• _Data below_
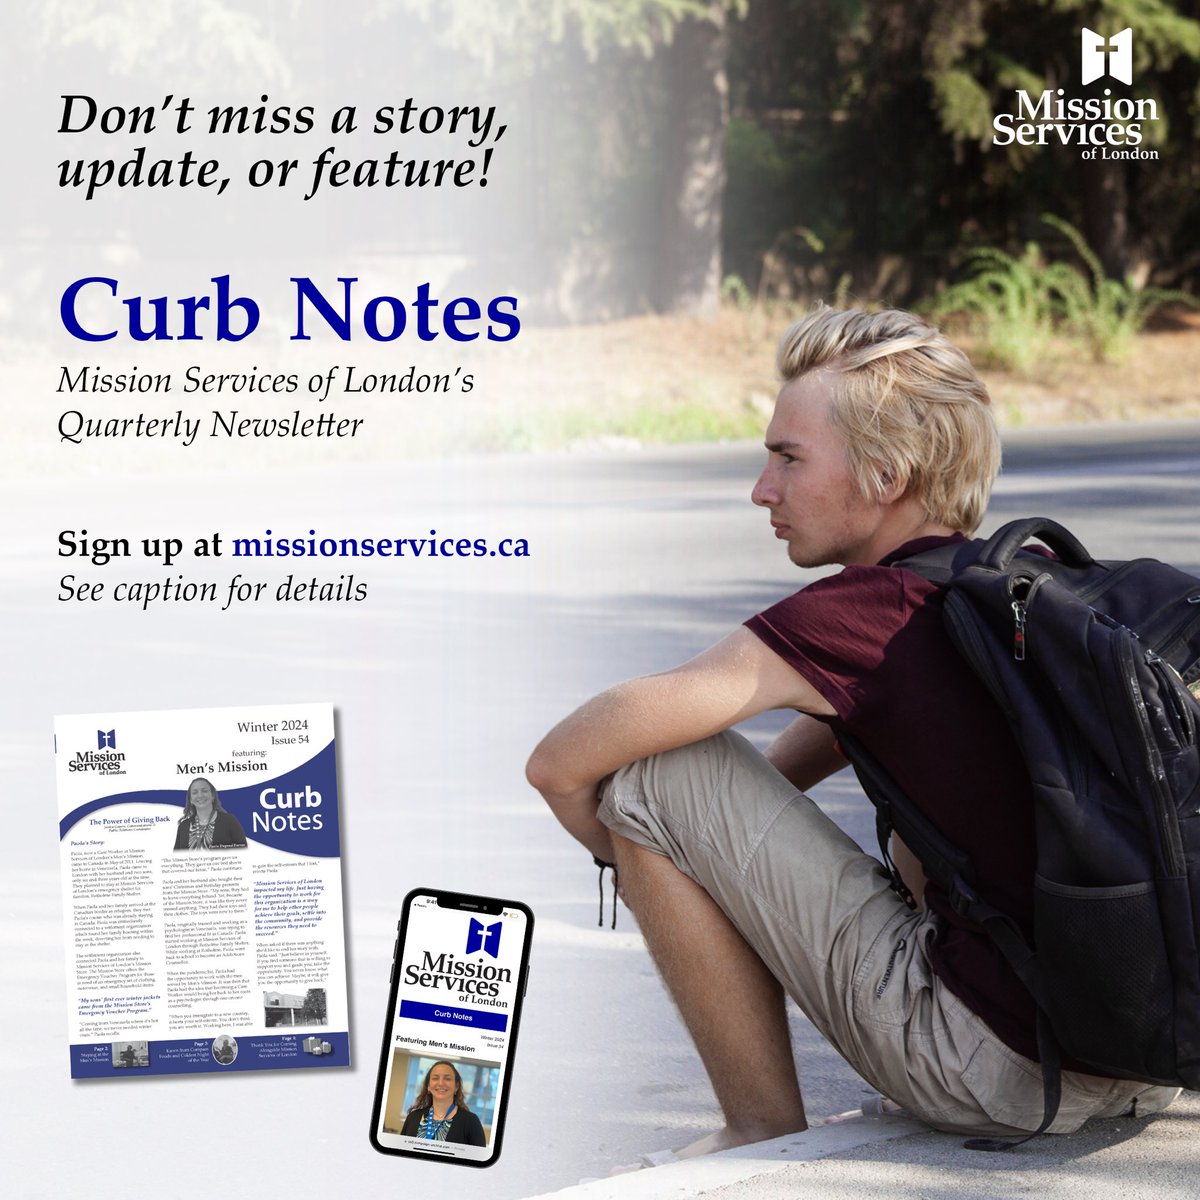 To sign up for Curb Notes, visit missionservices.ca and fill in your name and email under “I want updates” on the homepage. The “I want updates” prompt will be directly under the first featured story. If you need additional support, please send us a message.
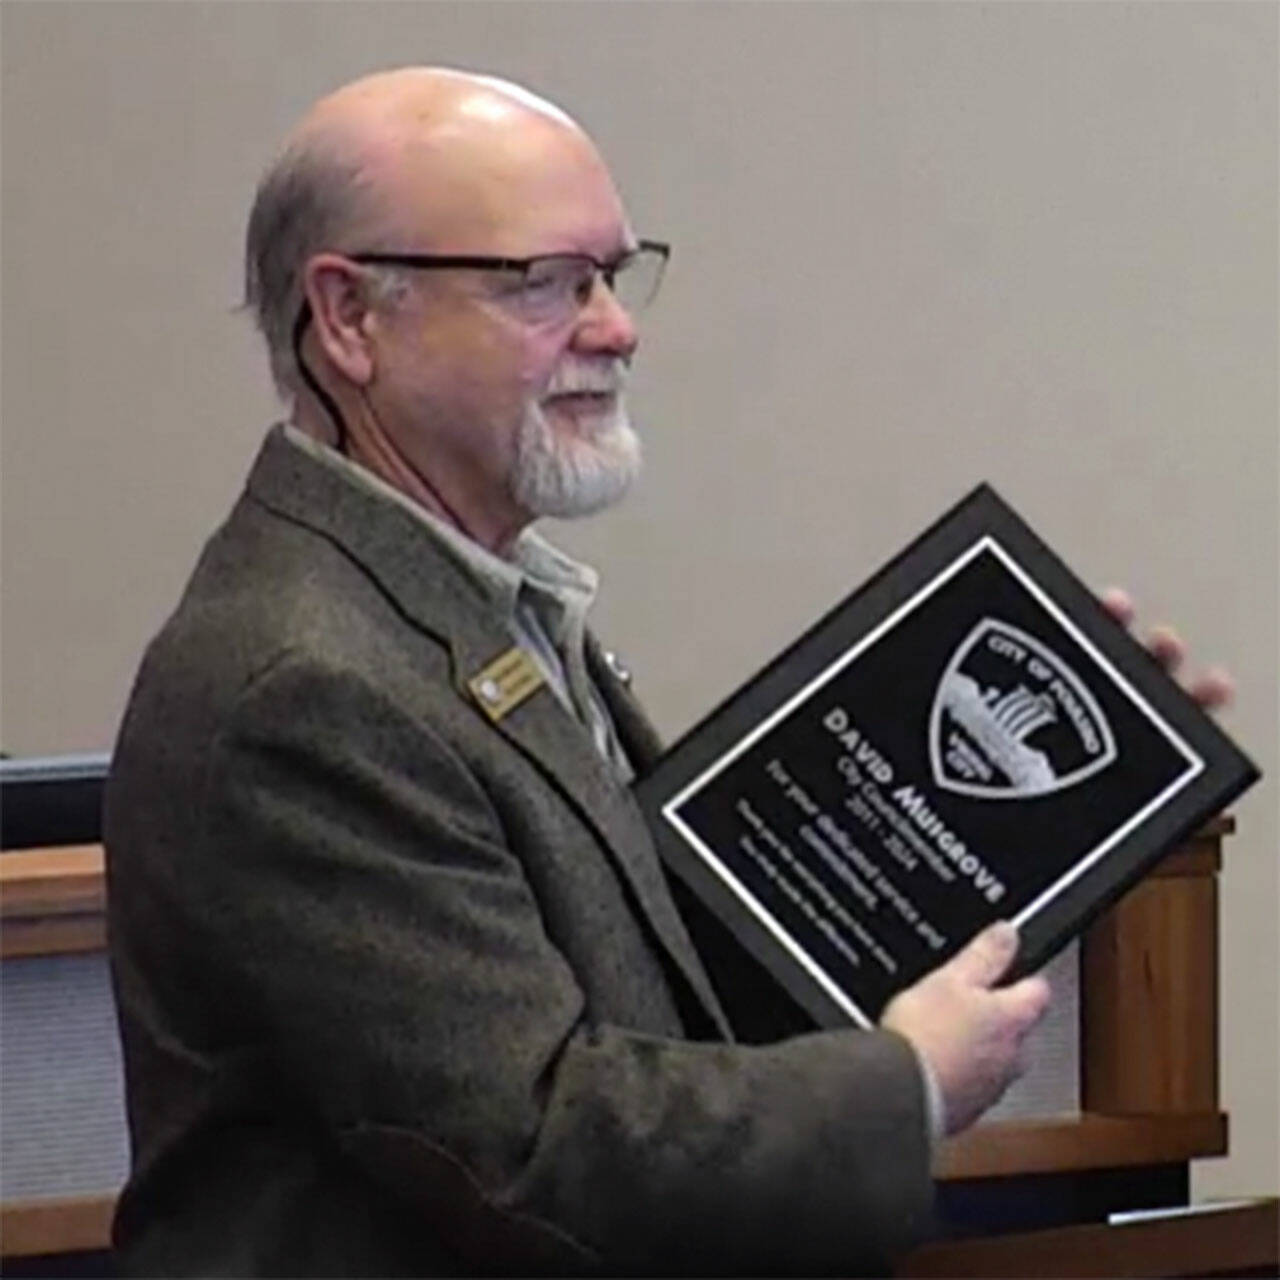 City of Poulsbo courtesy photos
Outgoing councilmember David Musgrove receives a plaque from the city at his last meeting March 20.

• _Work order_
Nothing but the text is wanted: repeat the data above exactly, without its images.

• _Answer to this task_
 To sign up for Curb Notes, visit missionservices.ca and fill in your name and email under “I want updates” on the homepage. The “I want updates” prompt will be directly under the first featured story. If you need additional support, please send us a message.
 City of Poulsbo courtesy photos
Outgoing councilmember David Musgrove receives a plaque from the city at his last meeting March 20.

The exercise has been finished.